During an eclipse, local animals and birds often prepare for sleep or behave confusedly. Picture taken in Bucharest, Romania on January 4, 2011.
Before the advent of modern atomic clocks, studies of ancient records of solar eclipses allowed astronomers to detect a 0.001 second per century slowing down in Earth's rotation. Picture taken on July 22, 2009 from the observatory of the University of the Philippines in Manila.
The width of the path in which a total eclipse is visible is at most 167 miles wide. Picture taken at the Life-giving Trinity Russian Orthodox Cathedral in Moscow, Russia on January 4, 2011.
The longest duration for a total solar eclipse is 7.5 minutes. Picture taken on January 04, 2011 in Locon, northern France.
Partial solar eclipses can be seen up to 3,000 miles from the "track" of totality. Picture taken in Baihata village, 30 kms from Guwahati, the capital city of the northeastern state of Assam in India on July 22, 2009.

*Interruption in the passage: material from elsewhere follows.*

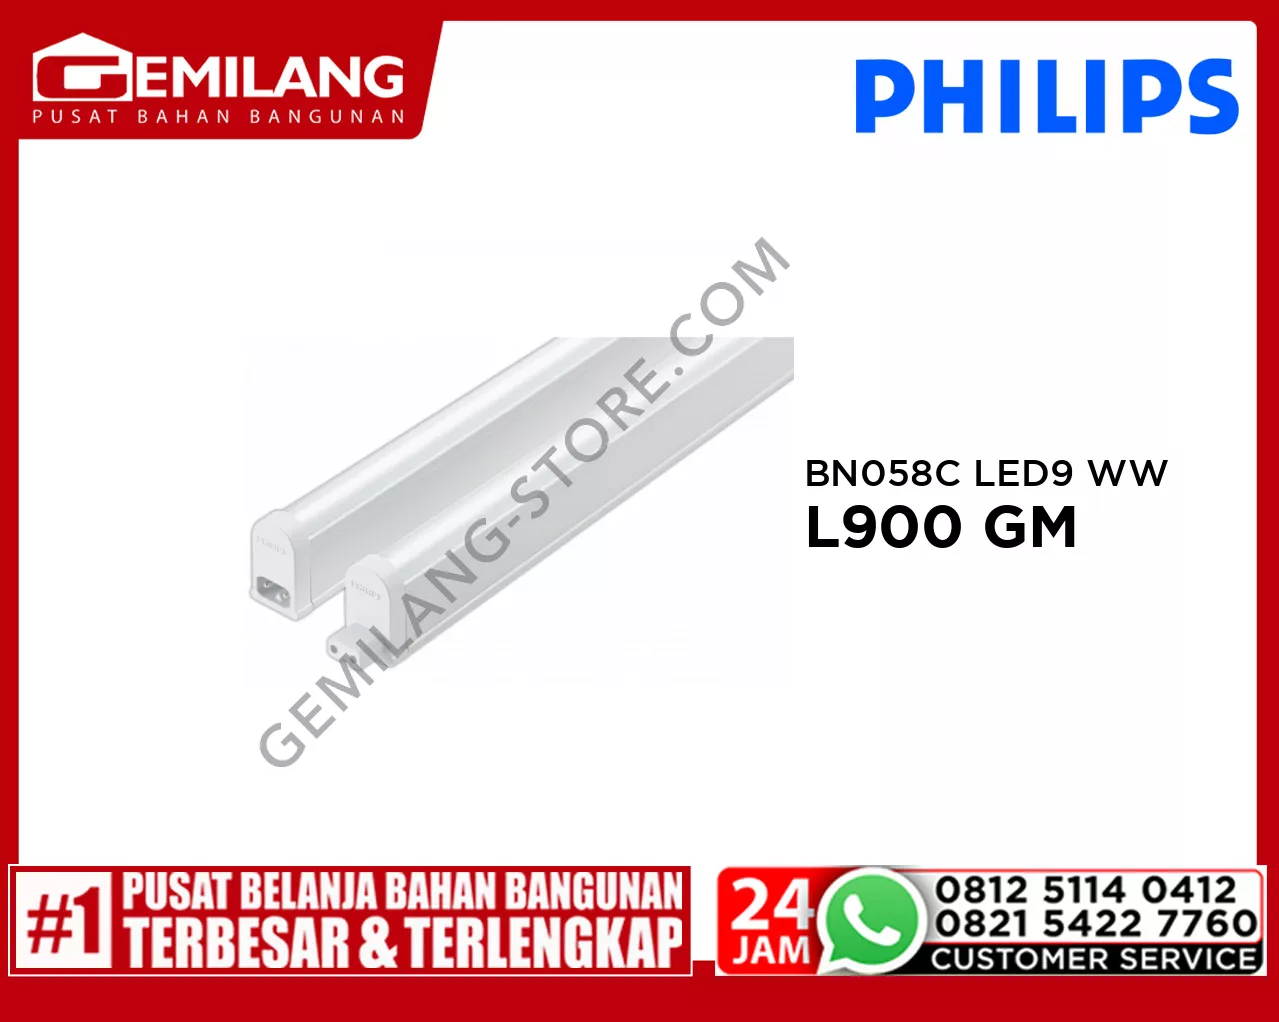 PHILIPS BN058C LED9 WW L900 GM

The maximum number of solar eclipses (partial, annular, or total) is 5 per year, and there are at least 2 solar eclipses per year somewhere on the Earth. Picture taken in the Indian city of Varanasi on July 22, 2009.
Only partial solar eclipses can be observed from the North and South Poles. Picture taken over the statue of late Chinese leader Mao Zedong in Wuhan, Hubei province, China, on July 22, 2009.
Light filtering through leaves on trees casts crescent shadows as totality approaches. Picture taken on July 22, 2009 in Seoul, South Korea.
"Shadow bands" are often seen on the ground as the eclipse's peak approaches. Picture taken on January 04, 2011 in Rennes, western France.
During totality, the horizon is illuminated in a narrow band of light, because an observer is seeing distant localities not under the direct umbra, or area of darkness, of the Moon's shadow. Picture taken on January 4, 2011 in Old Damascus, Syria.
Local temperatures often drop 20 degrees or more near totality. Picture taken January 4, 2011 in Italy.
Every eclipse begins at sunrise at some point in its track and ends at sunset about half way around the world from the start point. Picture taken January 4, 2011 by the Hinode satellite.
Nearly identical eclipses (total, annual, or partial) occur after 18 years and 11 days, or every 6,585.32 days (Saros Cycle). Picture taken in Lahore, Pakistan on January 4, 2011.